É importante ressaltar que, durante o atendimento, as/os profissionais de Psicologia devem sempre respeitar a ética do sigilo, garantindo a confidencialidade das informações compartilhadas pelas pessoas afetadas; o respeito às vivências e modos de existir frente à religiosidade, à finitude, aos ritos de passagem, bem como ao status econômico e social. Essas são características essenciais para o atendimento comprometido, ético e humanizado. Assim, ações outras, como preservar uma área de segurança, auxiliar no contato com entes queridas/os e verificar o estado delas/deles, são alguns dos exemplos de como as/os profissionais de Psicologia podem contribuir de forma prática e humanizada em situações de desastre.

 

Referências:

BARATA, R. B. Como e por que as desigualdades sociais fazem mal à saúde. Rio de Janeiro: Editora Fiocruz, 2009.

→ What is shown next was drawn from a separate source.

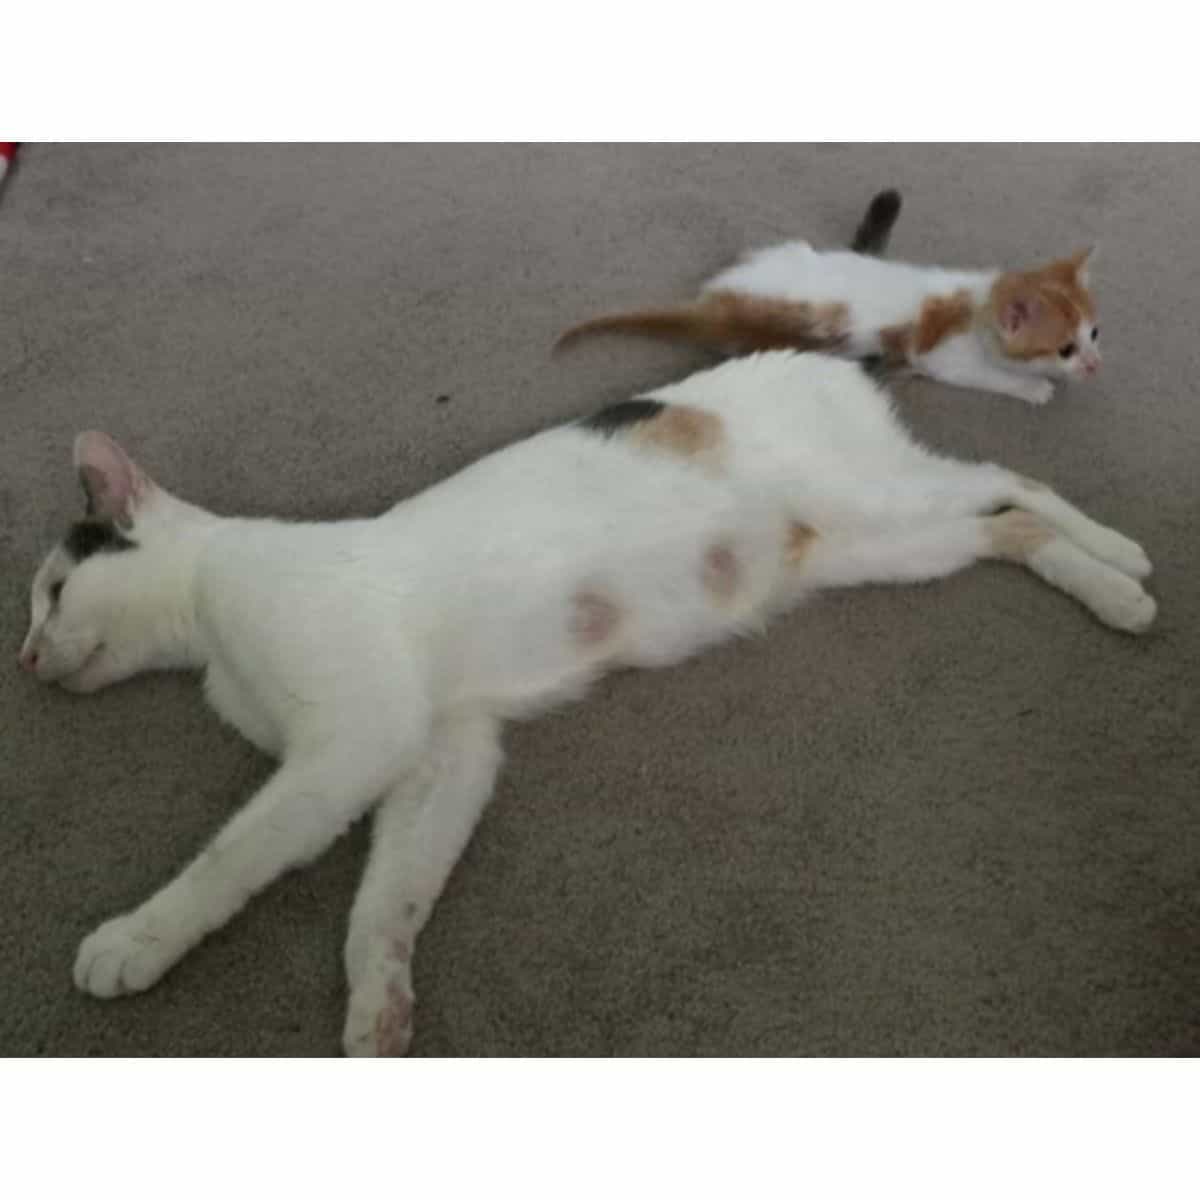 mother cat lying on the floor next to her kitten

LOPES, F. Experiências desiguais ao nascer, viver, adoecer e morrer: tópicos em saúde da população negra. In: BATISTA, L. E.; KALCKMANN, S. (Org.) Seminário Saúde da População Negra no Estado de São Paulo 2004. São Paulo: Instituto de Saúde, 2005.

GÓMEZ, C. Saúde mental na gestão dos desastres: intervenção no cotidiano e nos eventos. In: I Seminário Nacional de Psicologia das Emergências e dos Desastres: Contribuições para a Construção de Comunidades mais Seguras, 2006, Brasília. Anais... Brasília: Finatec/ UNB, 2006.

HEREDIA, A. M. Psicologia e emergências sociais: intervenções nos cotidianos e eventos. In: I Seminário Nacional de Psicologia das Emergências e dos Desastres: Contribuições para a Construção de Comunidades mais Seguras, 2006, Brasília. Anais... Brasília: Finatec/UNB, 2006.